Published in final edited form as: Bioorg Med Chem Lett. 2008 May 17;18(13):3724–3727. doi: 10.1016/j.bmcl.2008.05.049

Design, Synthesis and Evaluation of Bisubstrate Analog Inhibitors of Cholera Toxin

Guangtao Zhang a,*,§
PMCID: PMC2536626  NIHMSID: NIHMS57182  PMID: 18515100

Abstract

Bisubstrate analog inhibitors in which a nicotinamide mimic is attached to a series of structurally diversified guanidines (arginine mimics) were synthesized and evaluated for inhibition of cholera toxin. The mechanism-based bisubstrate inhibitors were up to 1400-fold more potent than the natural substrate NAD+ and 400-fold more potent than the artificial substrate diethylamino (benzylidine-amino) guanidine (DEABAG) in an assay toward an intrinsically active mutant of wild-type cholera toxin.

Cholera is a devastating diarrheal disease that is caused by infection of the bacterium Vibrio cholerae. It is responsible for thousands of deaths each year.1 People are usually infected by drinking contaminated water and they often suffer from profuse watery diarrhea.24 The massive intestinal fluid loss is primarily due to the release of the heterohexameric cholera toxin (CT). CT is composed of a catalytically active A subunit and five identical B subunits responsible for receptor binding.5 CT binds to the exterior of the human epithelial cell by its B subunits and gets internalized into the cell.6 It is first transported retrograde from the plasma membrane to the trans-Golgi6,7 and then to the endoplasmic reticulum (ER)6,8,9. In the ER, the A subunit separates from the B subunits and the A1 chain is reduced,10,11 freed from the carrier holotoxin, and gets translocated to the cytosol,12,13 where the active A1 domain gains access to its substrate, including the α subunit of the stimulatory G protein (G).
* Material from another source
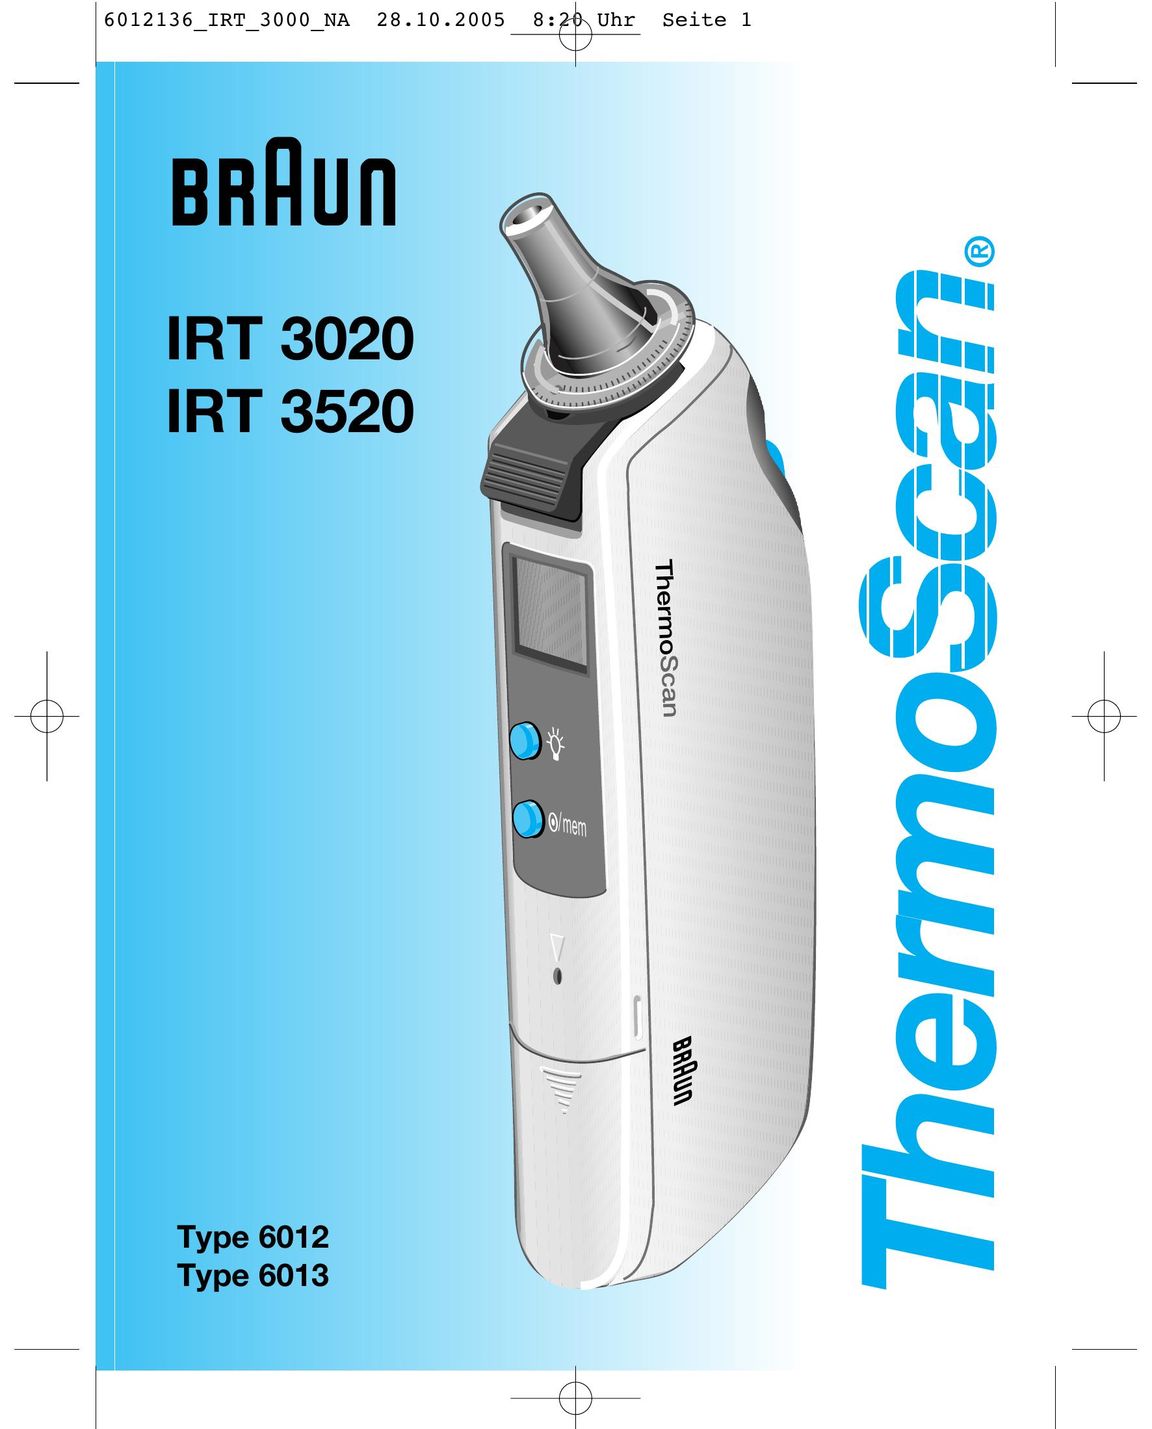 Braun IRT 3020 Range User Manual

A1 modifies Gsα through an NAD-dependent ADP-ribosylation reaction.14 ADP-ribosylation of Arg201 of G locks the G protein in its GTP-bound state and persistently stimulates adenylyl cyclase. The consequent dramatic production of cAMP activates the Cl ion channels.7,15 The imbalance of ions causes an efflux of cellular water to the gut, which eventually produces host dehydration and diarrhea.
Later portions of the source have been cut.